Yes, I can -- I'll do it very cursory on that, and I'll let Brendan and Darren to cover North America and Europe more specifically. I get a lot of feedback from the organization from sales, ops, etcetera. And I don't hear anyone saying to me that it's a factor of economy in terms of challenges in the marketplace.
So I think this isn't a view of all of '19 or '20, but from our standpoint, we sit in 50 markets that the economy still seems to be robust. We're still seeing opportunities to sign merchants in mature markets like the North America or the U.S. in particular and then internationally. So it's not something from a feedback standpoint that we're seeing.
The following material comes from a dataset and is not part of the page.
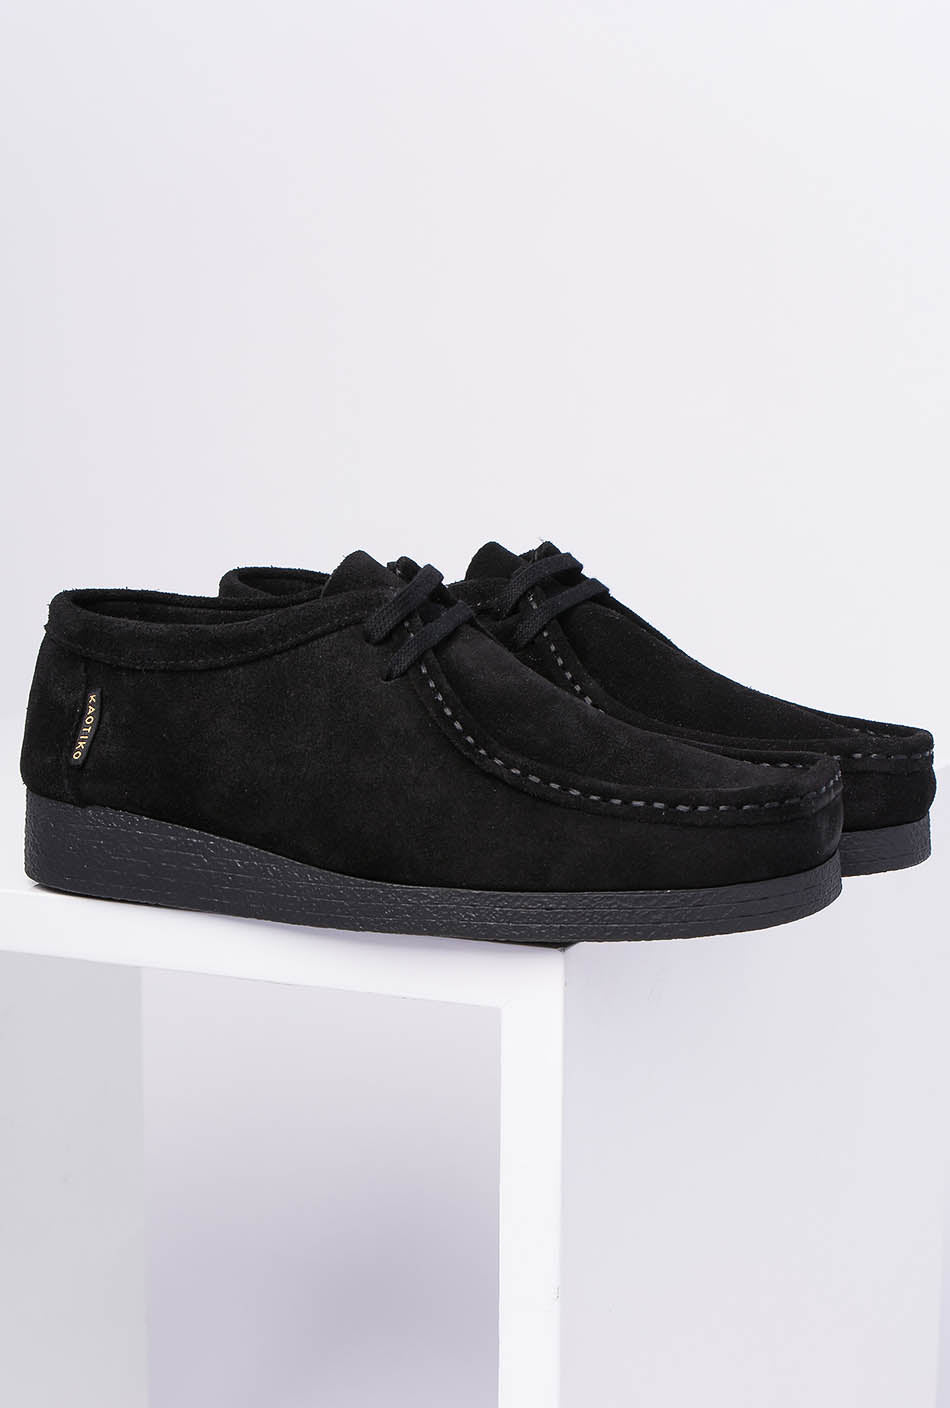 Austin shoes black

I don't know that I can quote comp store sales because I'd have to go market by market and that gets a little bit more cumbersome, but I'll see if Brendan has any comments to that.
Brendan?.
I mean my comments in the western hemisphere will be more specific to the various matters of which we compete with in payments. So in the U.S. we continue to see a share shift, a migration from -- to terminals with integrated point-of-sale solutions. We continue to feel really good about our positioning in what we've termed tech-enabled payments.
We've now introduced our European gateway proposition to the U.S. market, effective as of the first week of April.
And we continue to see gains in ISV as point of sale and then, of course, in B2B as well, where -- our Notice acquisition and the theory that supported that acquisition of integrations to ERPs being a viable way to go to market with larger corporates.
That's a strategy that we continue to feel good about, and that's a trend that we don't see ending anytime in the foreseeable future. In Mexico the trends are, again, relatively unchanged. We see a regulator that's committed to eradicating what they've termed the black economy.
The motivations out there is, of course, tax collections, but we feel really well positioned there with the certification of that same European gateway now to the Mexican platform and the certification of our Snap technology to the Mexican platform as well.
We now have the ability to port our European and American ISV partners to the Mexican market and provide an in-house Internet processing solution where we control the entire end-to-end service delivery. So there once again the theory is more around cash-to-plastic conversion, much more so obviously than the U.S.
and Canada, but there's also the same trend of the migration from terminals to integrated point-of-sale solutions and to the Internet.
Darren?.
Similar story to Brendan essentially in that, without going through market by market, we can continue to see the trends in omnichannel, digital, e-commerce growing significantly through Europe. Overall, we're continuing to see average transaction values holding up and ticking up, which is kind of reinforcing a stable inflation environment.
Probably the biggest unknown in Europe essentially at the minute obviously is Brexit, and it is an unknown. The story evolves. I think the strong hypothesis is that neither the U.K. nor Europe want a no-deal situation, so the delay to the end of October is giving time to allow some form of deal to be brokered.
But obviously our footprint predominantly is based out of the U.K. in terms of Germany, Spain, Poland, etcetera, so we're well positioned for kind of a growing shift from -- or potential shift from the U.K. into Europe, anyway, in terms of domicile of businesses and companies headquartering to remain on Europe rather than the U.K.
So we're well protected there and well protected from a licensing perspective as well. So I think that's probably the biggest unknown, but on a macro basis at the moment, all the trends are generally ticking positive..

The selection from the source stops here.